On 12/13/23 18:31, Ilya Dryomov wrote:
On Wed, Dec 13, 2023 at 2:02 AM Xiubo Li <xiubli@xxxxxxxxxx> wrote:

On 12/13/23 00:31, Ilya Dryomov wrote:
On Fri, Dec 8, 2023 at 5:08 PM <xiubli@xxxxxxxxxx> wrote:
From: Xiubo Li <xiubli@xxxxxxxxxx>

The messages from ceph maybe split into multiple socket packages
and we just need to wait for all the data to be availiable on the

This will add a new _FINISH state for the sparse-read to mark the
current sparse-read succeeded. Else it will treat it as a new
sparse-read when the socket receives the last piece of the osd
request reply message, and the cancel_request() later will help
init the sparse-read context.

Signed-off-by: Xiubo Li <xiubli@xxxxxxxxxx>
   include/linux/ceph/osd_client.h | 1 +
   net/ceph/osd_client.c           | 6 +++---
   2 files changed, 4 insertions(+), 3 deletions(-)

diff --git a/include/linux/ceph/osd_client.h b/include/linux/ceph/osd_client.h
index 493de3496cd3..00d98e13100f 100644
--- a/include/linux/ceph/osd_client.h
+++ b/include/linux/ceph/osd_client.h
@@ -47,6 +47,7 @@ enum ceph_sparse_read_state {

diff --git a/net/ceph/osd_client.c b/net/ceph/osd_client.c
index 848ef19055a0..f1705b4f19eb 100644
--- a/net/ceph/osd_client.c
+++ b/net/ceph/osd_client.c
@@ -5802,8 +5802,6 @@ static int prep_next_sparse_read(struct ceph_connection *con,
                          advance_cursor(cursor, sr->sr_req_len - end, false);

-       ceph_init_sparse_read(sr);
          /* find next op in this request (if any) */
          while (++o->o_sparse_op_idx < req->r_num_ops) {
                  op = &req->r_ops[o->o_sparse_op_idx];
@@ -5919,7 +5917,7 @@ static int osd_sparse_read(struct ceph_connection *con,
                                  return -EREMOTEIO;

-                       sr->sr_state = CEPH_SPARSE_READ_HDR;
+                       sr->sr_state = CEPH_SPARSE_READ_FINISH;
                          goto next_op;
Hi Xiubo,

This code appears to be set up to handle multiple (sparse-read) ops in
a single OSD request.  Wouldn't this break that case?
Yeah, it will break it. I just missed it.

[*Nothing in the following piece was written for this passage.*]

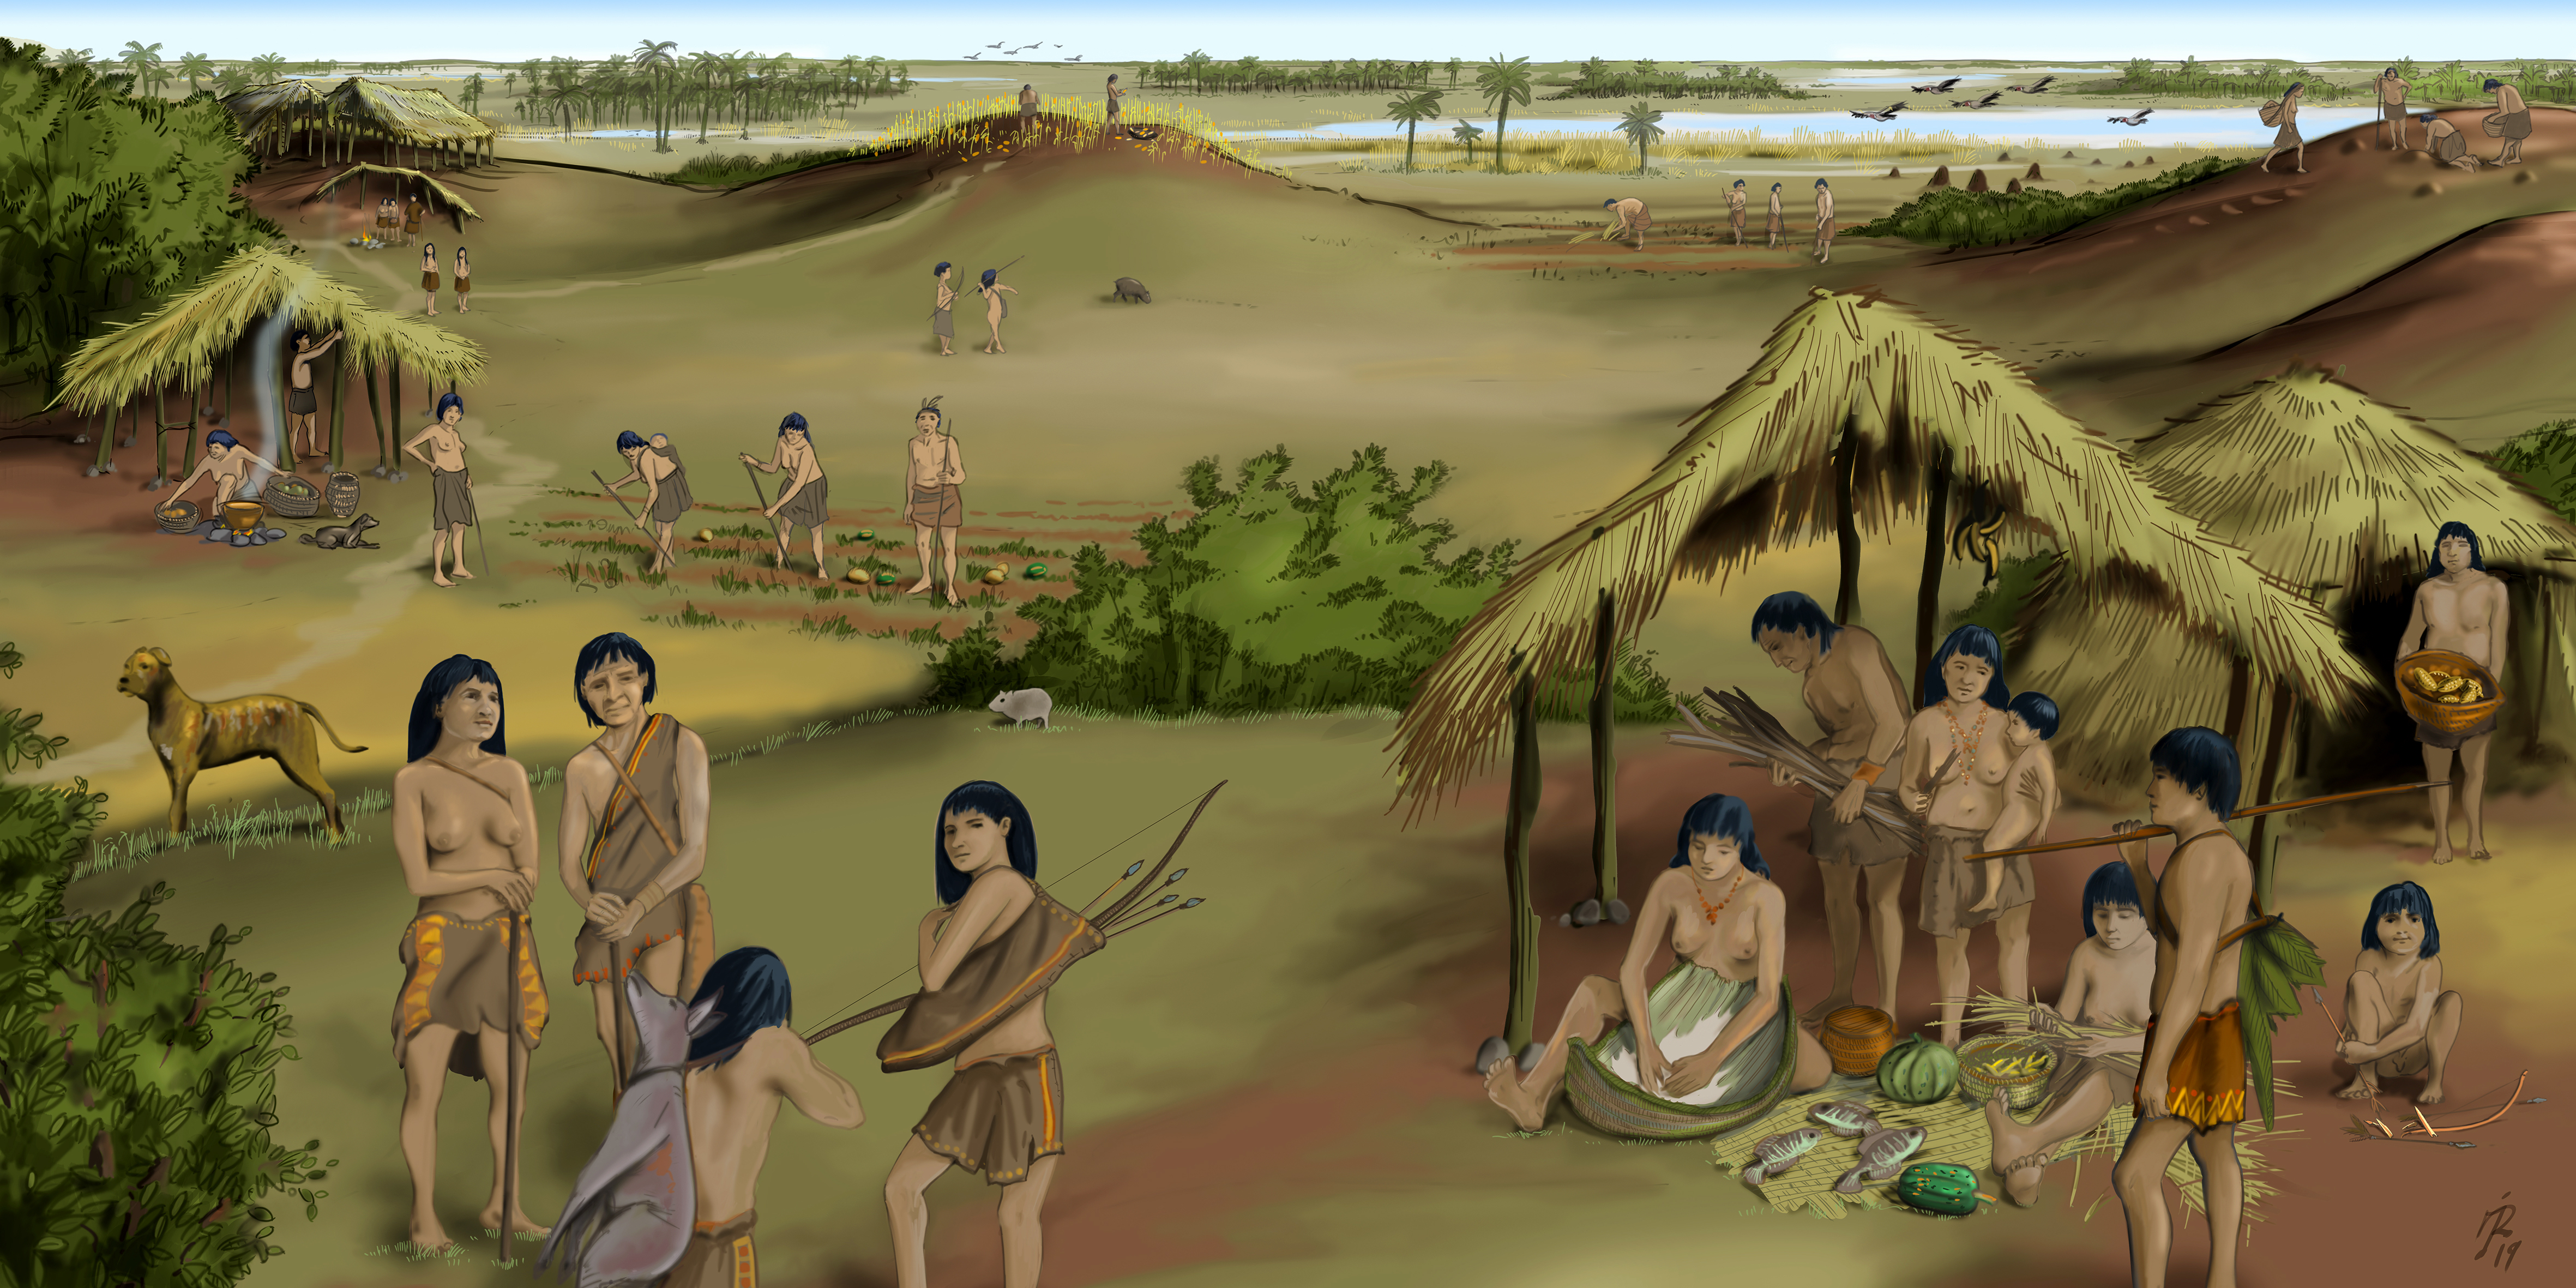  Paisaje: Cerritos de indios (La Canoa T02P105)

I think the bug is in read_sparse_msg_data().  It shouldn't be calling
con->ops->sparse_read() after the message has progressed to the footer.
osd_sparse_read() is most likely fine as is.
Yes it is. We cannot tell exactly whether has it progressed to the
footer IMO, such as when in case 'con->v1.in_base_pos ==
Hi Xiubo,

I don't buy this.  If the messenger is trying to read the footer, it
_has_ progressed to the footer.  This is definitive and irreversible,
not a "maybe".

sizeof(con->v1.in_hdr)' the socket buffer may break just after finishing
sparse-read and before reading footer or some where in sparse-read. For
the later case then we should continue in the sparse reads.
The size of the data section of the message is always known.  The
contract is that read_partial_msg_data*() returns 1 and does nothing
else after the data section is consumed.  This is how the messenger is
told to move on to the footer.

read_partial_sparse_msg_data() doesn't adhere to this contract and
should be fixed.

Notice how read_partial_msg_data() and read_partial_msg_data_bounce()
behave: if called at that point (i.e. after the data section has been
processed, meaning that cursor->total_resid == 0), they do nothing.
read_sparse_msg_data() should have a similar condition and basically
no-op itself.
Correct, this what I want to do in the sparse-read code.
No, this needs to be done on the messenger side.  sparse-read code
should not be invoked after the messenger has moved on to the footer.

From my reading, even the messenger has moved on to the 'footer', it will always try to invoke to parse the 'header':

read_partial(con, end, size, &con->v1.in_hdr);

But it will do nothing and just returns.

And the same for 'front', 'middle' and '(page) data', then the last for 'footer'.

Did I miss something ?


- Xiubo